Carmen Metropolitan Opera 1948


Metropolitan Opera House
February 7, 1948 Matinee Broadcast


CARMEN

Carmen..................Risë Stevens
Don José................Ramon Vinay
Micaela.................Nadine Conner
Escamillo...............Martial Singher
Frasquita...............Thelma Votipka
Mercédès................Lucielle Browning
Remendado...............Alessio De Paolis
Dancaïre................George Cehanovsky
Zuniga..................Philip Kinsman
Moralès.................Clifford Harvuot
Dance...................Aida Alvarez
Dance...................Leon Varkas

Conductor...............Wilfred Pelletier


Risë Stevens dominated the role of Carmen at the Met like no other soprano before her. The opera was broadcast twelve times between 1947 and 1960 and Stevens took the title role in eleven of those. Her dusky mezzo was ideally suited to the role of Carmen, and in the early 1950s she filmed some extracts for American television. This particular broadcast is almost complete, only missing the second half of act 4. The sound is average at best, being recorded off air, but it does give a good sense of what Stevens was like when heard live. Among the rest of the cast Vinay sang many heavy tenor roles (including Otello, Siegmund and Tristan) in the late '40s and early '50s and is a solid Don Jose. French baritone Martial Singher made a name for himself in the popular French operas at the Met, particularly as Valentin in Faust and the villans in Hoffmann. 

https://rapidshare.com/files/4169925870/1948Carmen.zip

Sunday 6 November 2011

Gotterdammerung Buenos Aires 1948

Götterdämmerung 

Teatro Colón, Buenos Aires 3 September 1948

Conductor Erich Kleiber

Brünnhilde - Kirsten Flagstad

Siegfried - Set Svanholm

Hagen - Ludwig Weber

Waltraute - Lydia Kinderman

Woglinde - Mafalda Rinaldi

Wellgunde - María Cherry

Floßhilde - Zaira Negroni


This can best be described as 'bleeding chunks' of Gotterdammerung.

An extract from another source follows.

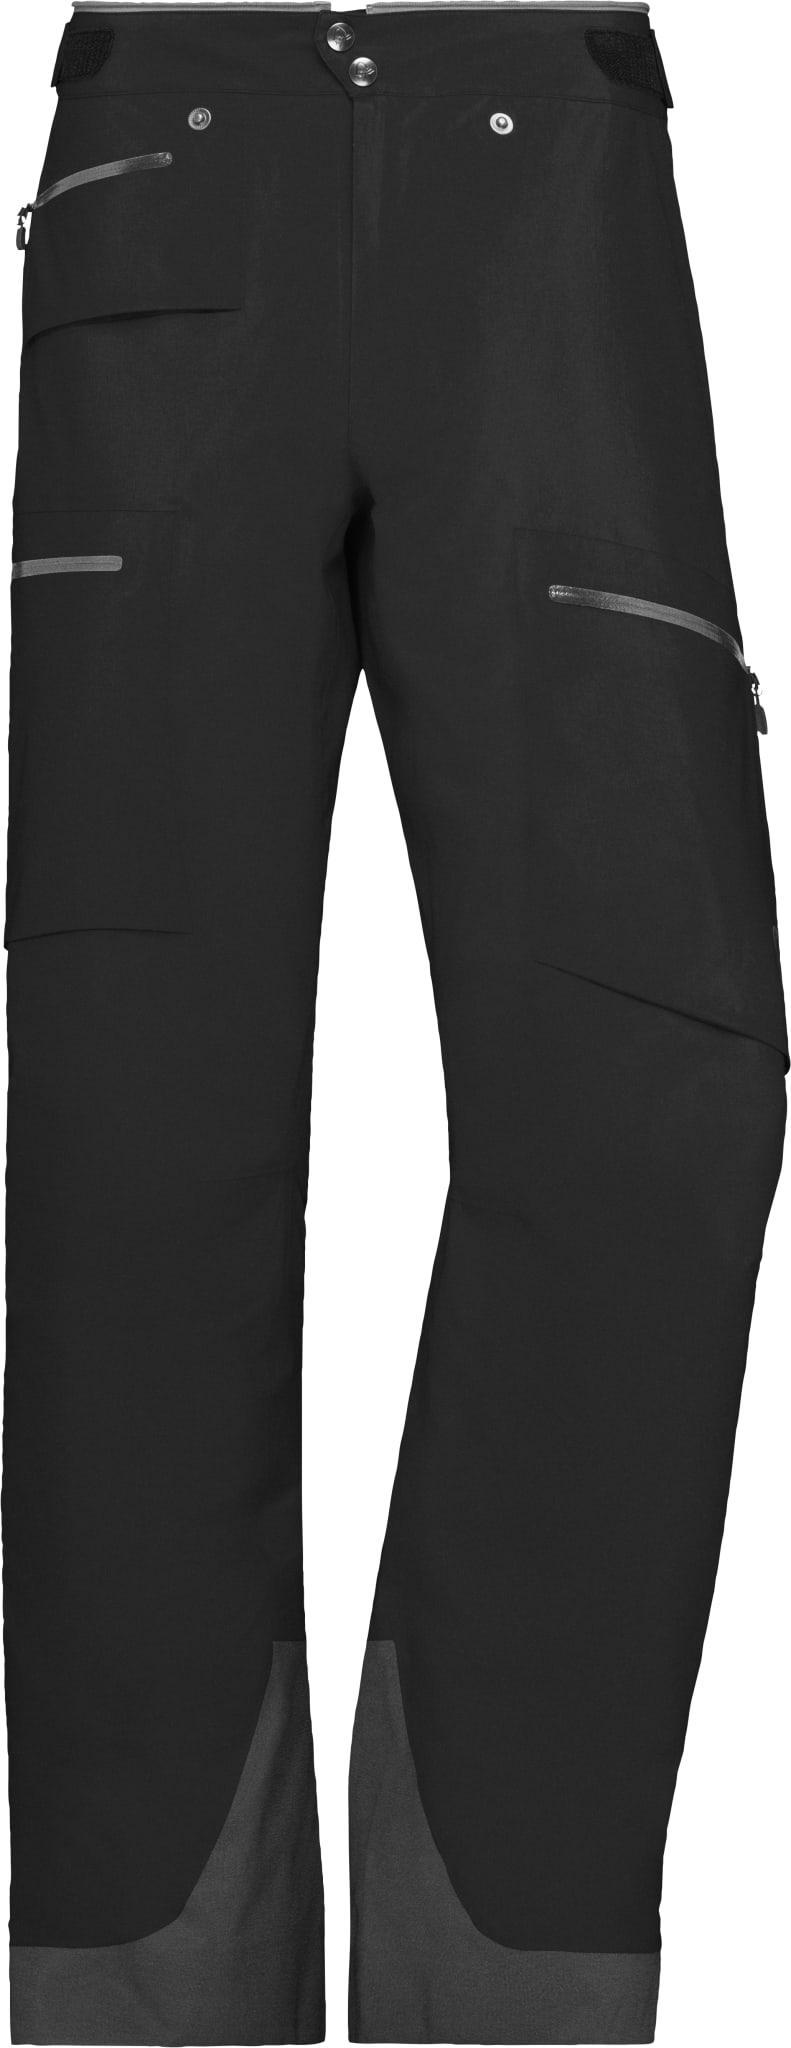 Lyngen GORE-TEX Pro Pants M

About an hour of this performance has been preserved, but the recording is patchy. We have extracts of the Dawn Duet, but often Svanholm is cut out; parts of the end of act 1; only three minutes of the vassal scene in act 2; parts of the opening of act 3; parts of Siegfried's death; but a complete immolation scene. Clearly whoever recorded it concentrated on Kirsten Flagstad who was gradually reappearing on the international stage after spending WWII in German-occupied Norway. Still unwelcome in America, in 1948 Flagstad appeared in some major European houses including Covent Garden, as well as singing both Brunnhilde and Tristan in Buenos Aires. This recording is important as it documents her first live immolation recording since the 1937 Covent Garden performances under Furtwangler. A few months before this trip she had recorded it for EMI of course, and that is widely available. In 1950 her complete ring would be recorded at La Scala under Furtwangler.